Personnellement, je vois les choses autrement : j’ai toujours adoré ces paysages de Paul, leur luminosité, leur facilité d’exécution, la justesse des coloris, la bienveillance qui les habite (des lieux en apparence anodins sont devenus œuvre d’art !), l’attachement à nos campagnes qu’ils expriment… De plus, il s’en dégage chaque fois, me semble-t-il, « une certaine atmosphère ». Je mets ces mots entre guillemets car je me souviens de Paul les utilisant, dans les récits qu’il faisait, lors des réunions familiales.
Mais que faut-il déduire de cette volonté évidente du peintre de restituer scrupuleusement ce qui se donne à voir ? Peut-être, simplement, que le réel suffisait à émerveiller Paul, et qu’il n’avait pas besoin d’en faire le prétexte à l’expression de son monde intérieur, ou des angoisses de son moi. On retrouve d’ailleurs, en partie du moins, ce rapport au réel dans ses représentations du corps féminin. Le traitement du nu chez Paul semble lui-aussi ne rien envisager d’autre que son objet, même lorsque des éléments de décor introduisent un certain onirisme.
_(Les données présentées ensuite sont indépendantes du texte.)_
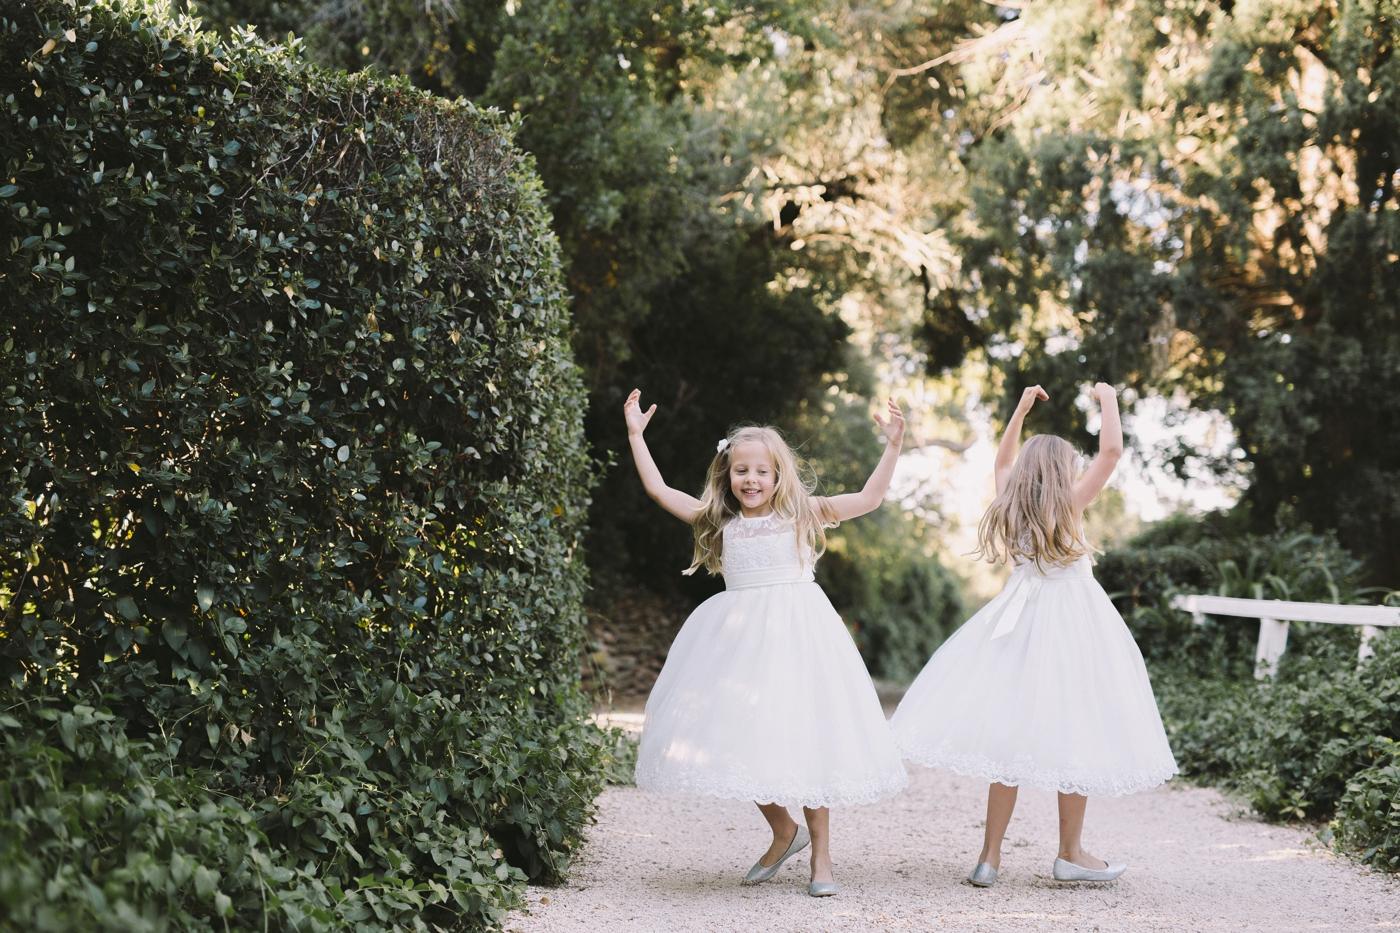 Lauren & Max - Marybank Estate Wedding - Natural wedding photographer in Adelaide - www.katherineschultzphotography.com 91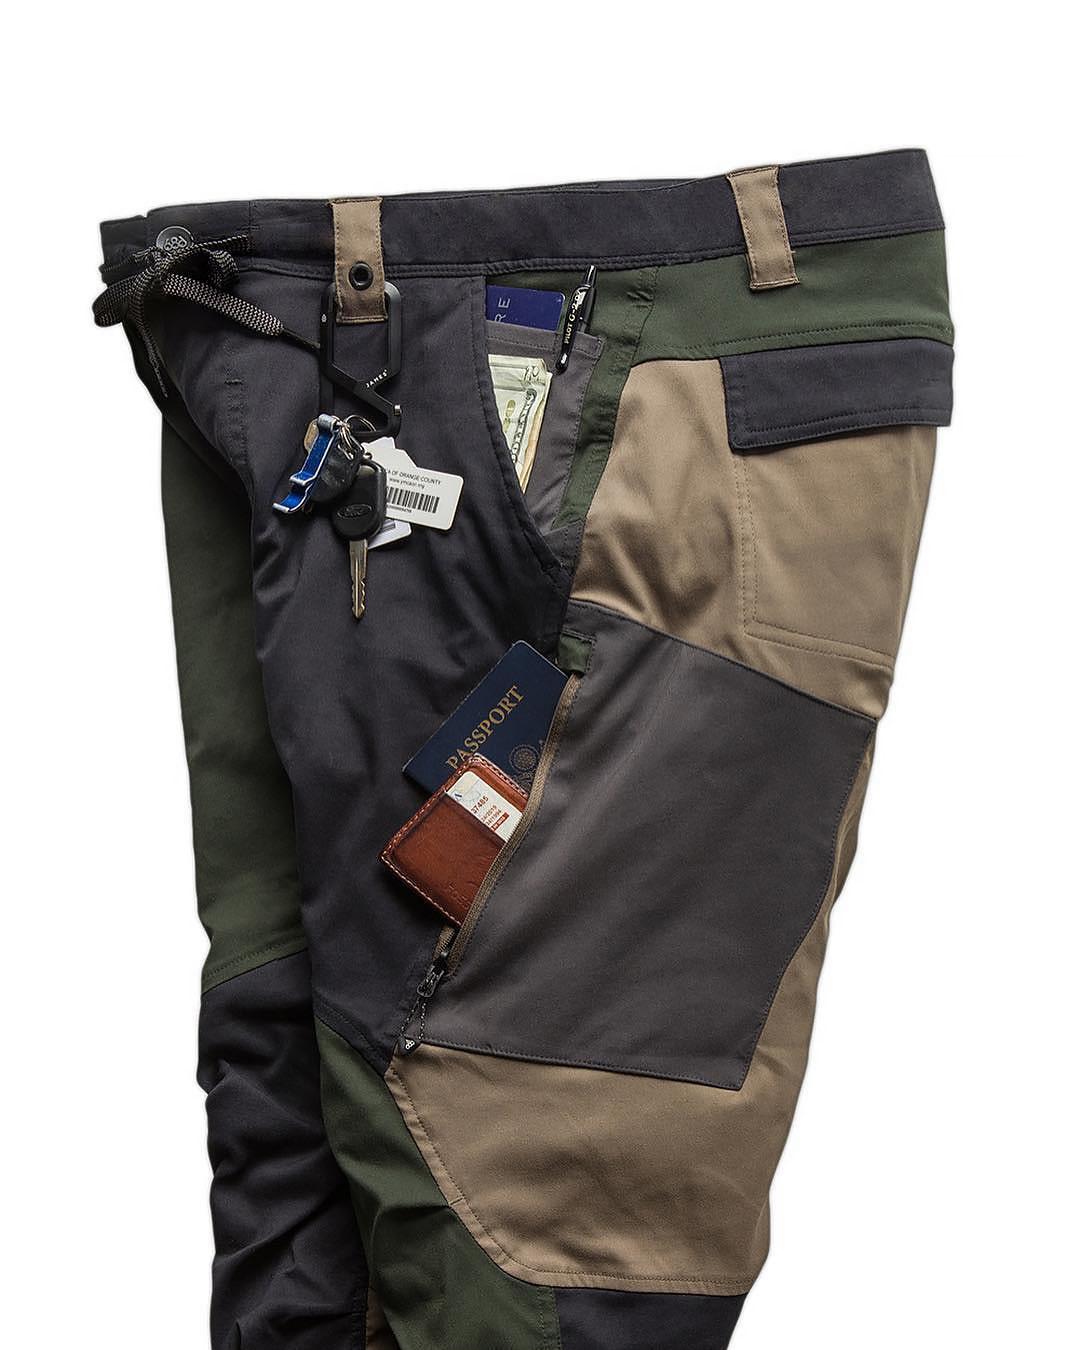 Anything Multi-Cargo Pant

La représentation des corps est extraordinairement attentive et fidèle, attachée à ce que l’œil perçoit, aux antipodes du traitement du nu chez Egon Schiele, par exemple. De ce point de vue, le regard de Paul peut être qualifié de “désirant” (ou amoureux), car comme le désir amoureux il se satisfait pleinement de son objet tel qu’il est.
Mais alors pourquoi ces nus de Paul, si semblables à leur modèle, fascinent et émerveillent à ce point ? A mon sens, c’est parce que l’artiste possède un tel don pour comprendre l’univers visible et nous le restituer, avec des moyens somme toute dérisoires (un crayon et un papier), qu’il nous semble mystérieusement proche du principe même de ces corps qu’il s’attache à reproduire. Et dans cette situation, la sensibilité de l’artiste ne doit pas, pour s’exprimer, nous livrer une interprétation de son sujet. Cette sensibilité s’exprime en filigrane, dans le sujet même, un peu comme le Créateur se manifeste dans la créature, telle qu’elle se donne à voir. C’est peut-être cela qui explique comment des œuvres aussi « humblement réalistes » puissent être à ce point des actes de création, qui nous émerveillent. Mais pour cela, il faut un talent véritablement prodigieux…
Grégoire CUVELIER
Cet article est la propriété de la Fondation Paul Cuvelier.